Asked what had changed since the team last appeared before the city planning board in February, moderator Stephen Hunter, an attorney, replied: “Nothing has changed.” He stressed that the goal of Tuesday’s meeting, after brief presentations from project planner Kobi Karp and traffic consultants at Kimley-Horn, was to listen to public input.
But that response didn’t sit well with neighbor Robin Porter, who along with other critics has persistently questioned what she described as the project’s proposed “massing and density and all that trickles down from that.”
“I see a lot of fancy dancing, checking off a box for a community meeting,” Porter told the hosts. “This is glossing over the issues.”
SPV’s lack of responsiveness in the past has prompted the city planning board to defer a key vote on the controversial project six times. SPV sued the board and city to force a vote, but lost in court. The last time, in February, the board told the would-be developers to hold at least two public meetings and to conduct a new study of traffic impact before they would reconsider the application.
The would-be developers plan a second virtual meeting on Oct. 19; registration can be found at eastsideridge.com. But it’s unclear whether they have satisfied the board’s demand for a new traffic plan that addresses concerns from neighboring property owners. At Tuesday’s meetings, consultants presented portions of what they cast as an updated plan based on fresh data. But critics say it appears to rely mainly on data that is several years old.
The Eastside proposal can’t go to the city commission for a final vote until the planning board makes a recommendation either for or against zoning and landuse changes sought by SPV as part of its special area plan application. Such SAPs, as they’re known, have become highly controversial because critics say they accelerate gentrification in poor neighborhoods and produce grossly overscaled development.
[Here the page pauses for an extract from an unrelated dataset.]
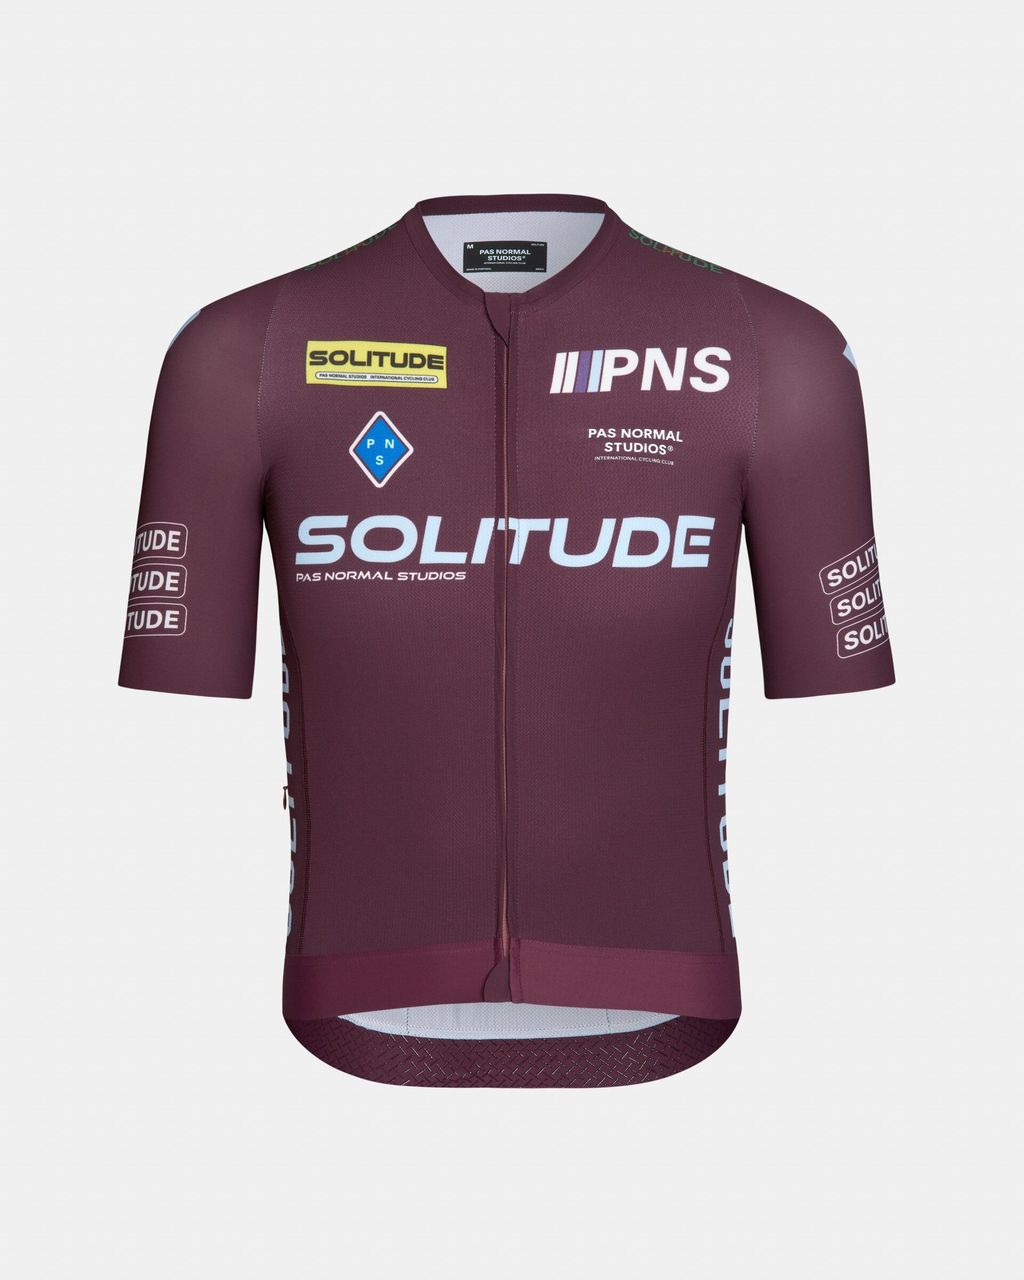 Mens-Solitude-Jesey-Logo_Burgundy_Front-pdp-page

One nearby and equally massive project, the Magic City Special Area Plan in the heart of Little Haiti, was approved by the city commission last year after months of contentious debate. But the developers have done little beyond renovation of a set of existing warehouses on the property. A Little Haiti resident whose apartment overlooks the Magic City site has sued to overturn the approval. That suit is pending in the appellate division of MiamiDade Circuit Court, which heard oral arguments in the case on Oct. 1.